1
$\begingroup$

In the definition of the complexity class $\mathcal {NP}$; Why does one require the existence of an algorithm $\mathcal A$, such that

  • for each instance $I$ of the problem, there exists a solution $x_0\in Sol(I)$ such that $\mathcal A$ accepts $(I,x_0)$ in polynomial time

rather than

  • for each instance of the problem and each solution $x_0\in Sol(I)$, $\mathcal A$ accepts $(I,x_0)$ polynomial time

I ask this, because I was told that $\mathcal{NP}$ tries to capture the idea that some problems are hard to solve, but easy to check. And the second definition - it seems naively - would be the right one for this.

  • What is the reason for not requiring the algorithm to accept every solution to a given instance of the problem?

The only problem with the 2nd version that I could see is that $x_0$ may not be bounded in size polynomially in $|I|$ (so reading it might already take too long).
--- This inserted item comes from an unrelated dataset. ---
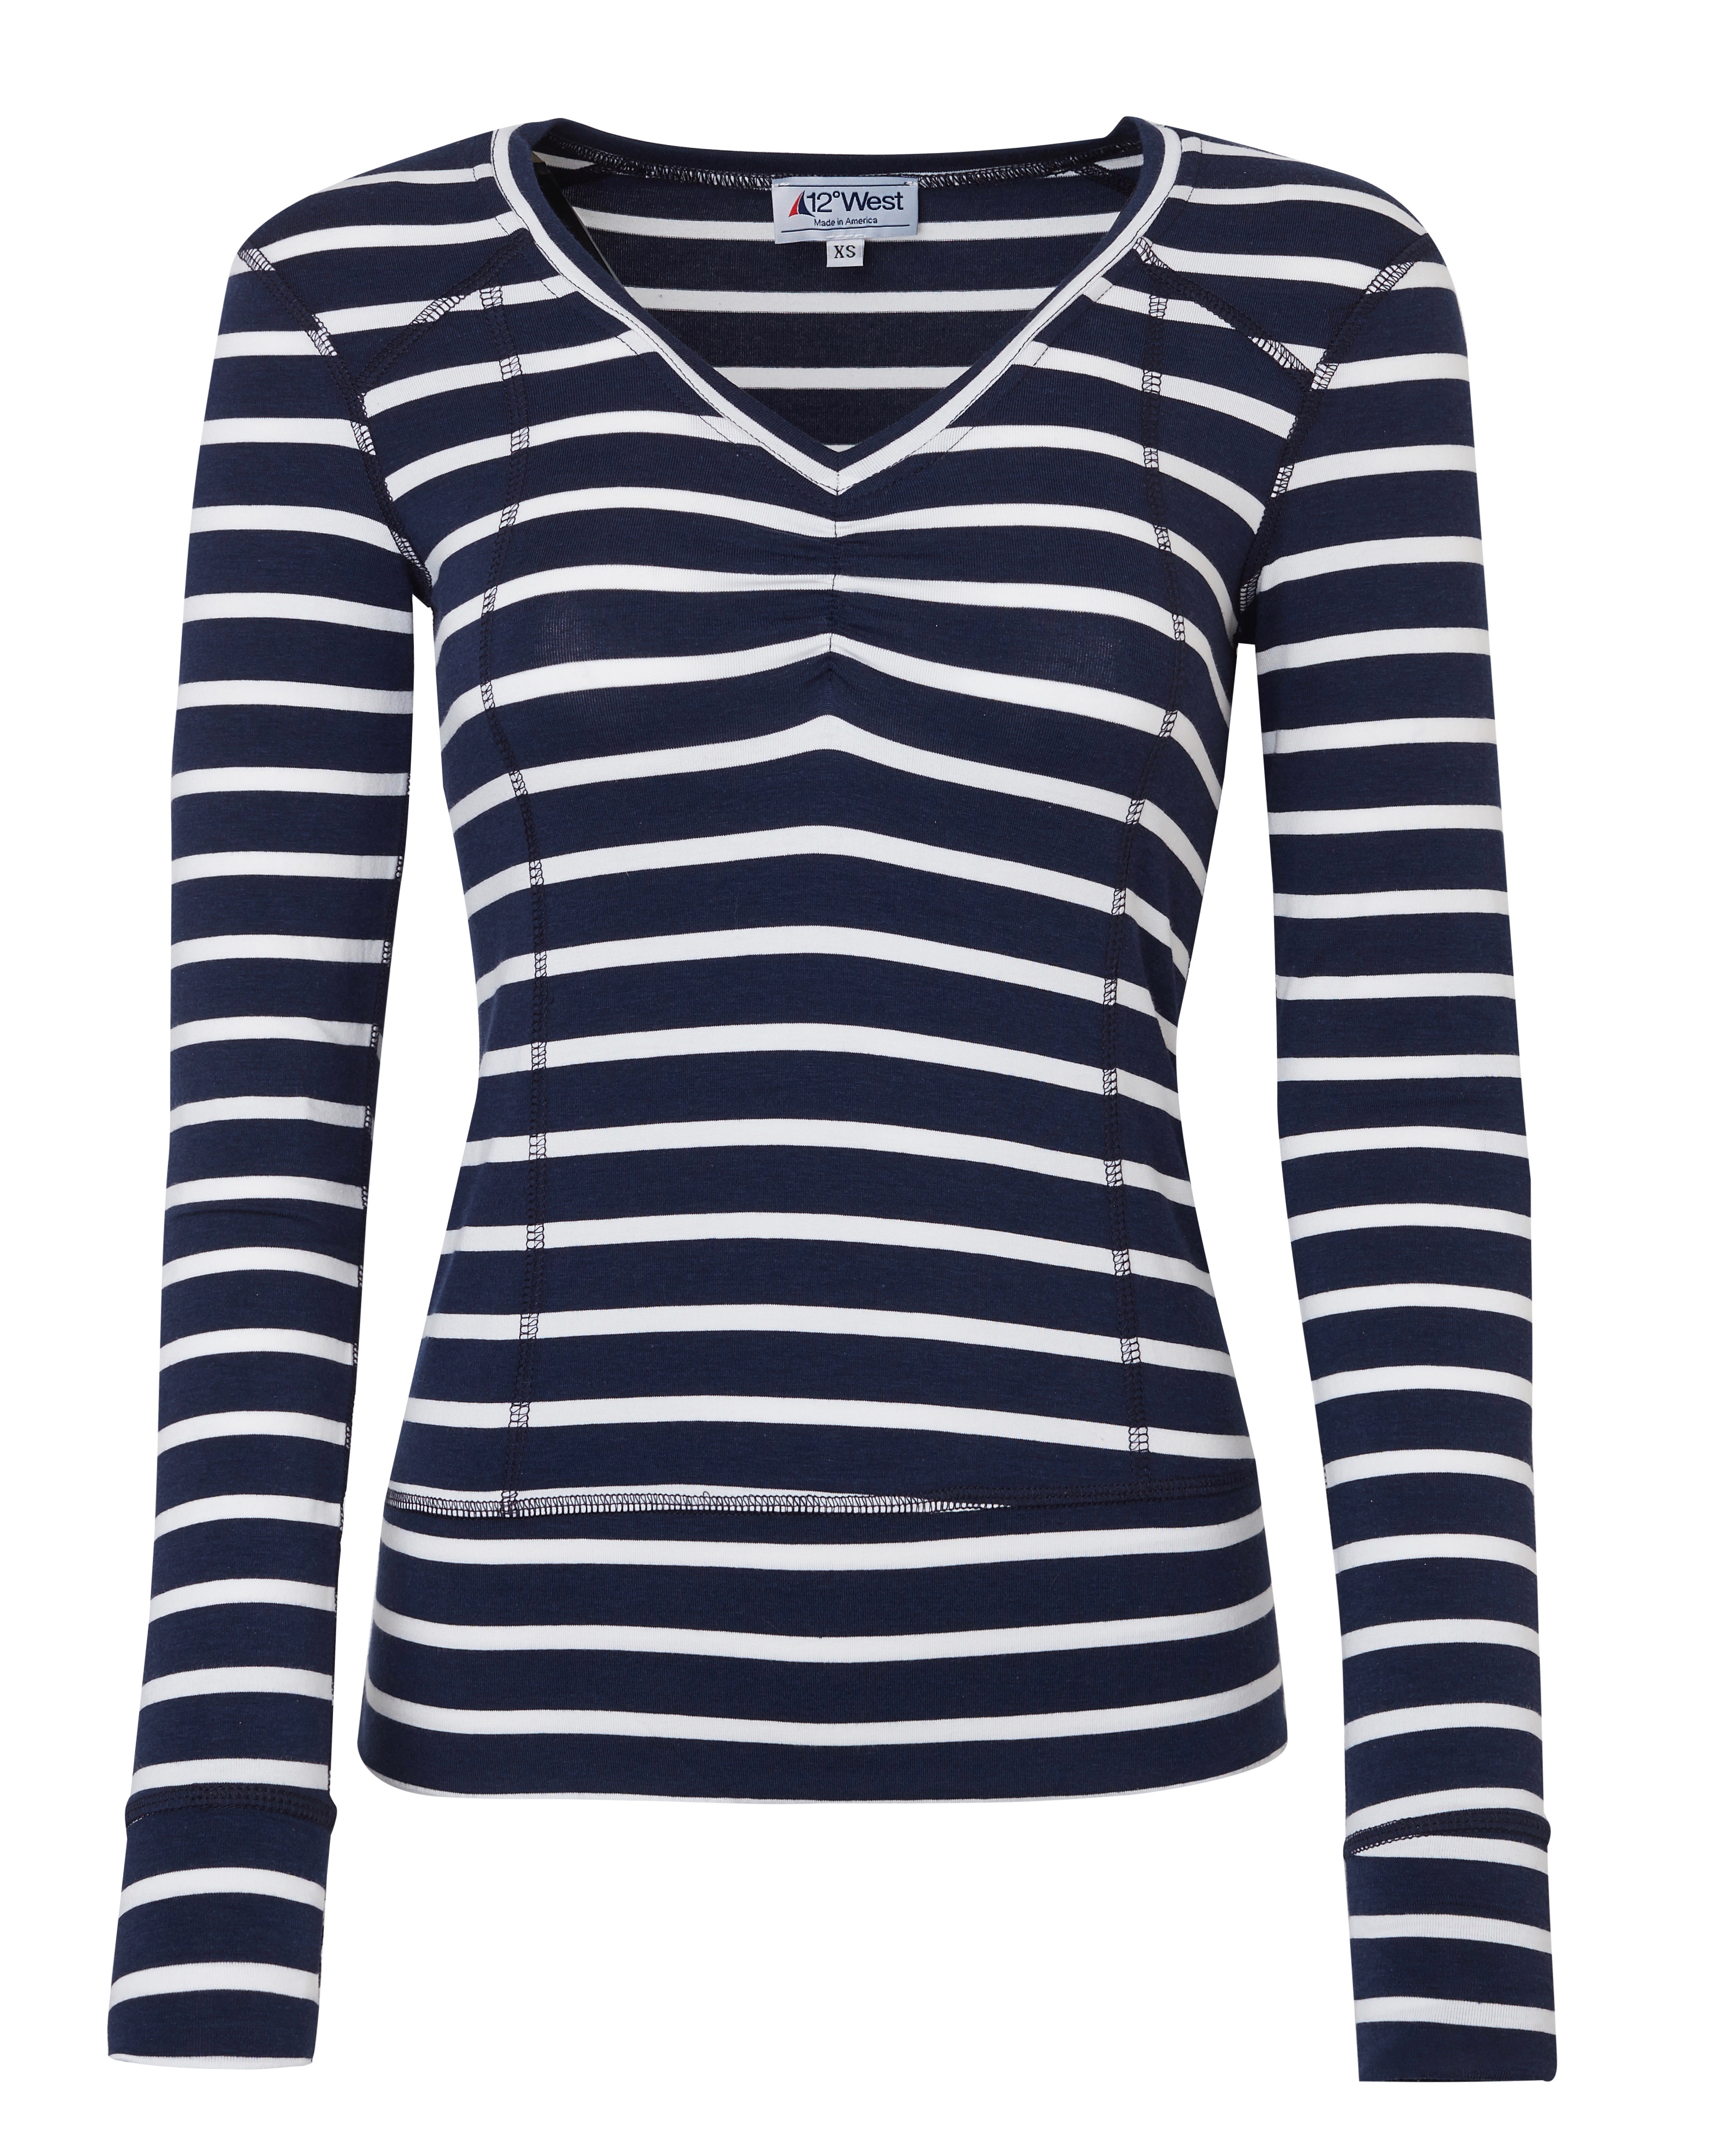 striped tees for women

What if one adds a requirement to prevent such a thing?

Thanks for your help!

1 Answers 1

2

The word "solution" is rather confusing here. Instead, try this:

for each instance $I$ of the problem, there exists a string $s$ such that $\mathcal A$ accepts $(I,s)$.

Then, we can call such strings $s$ "solutions". So $I$ is an instance iff there exists a solution for $I$.

The algorithm accepts each solution, but this remark is content-less, because that's how we defined: a solution is something that is accepted by the algorithm.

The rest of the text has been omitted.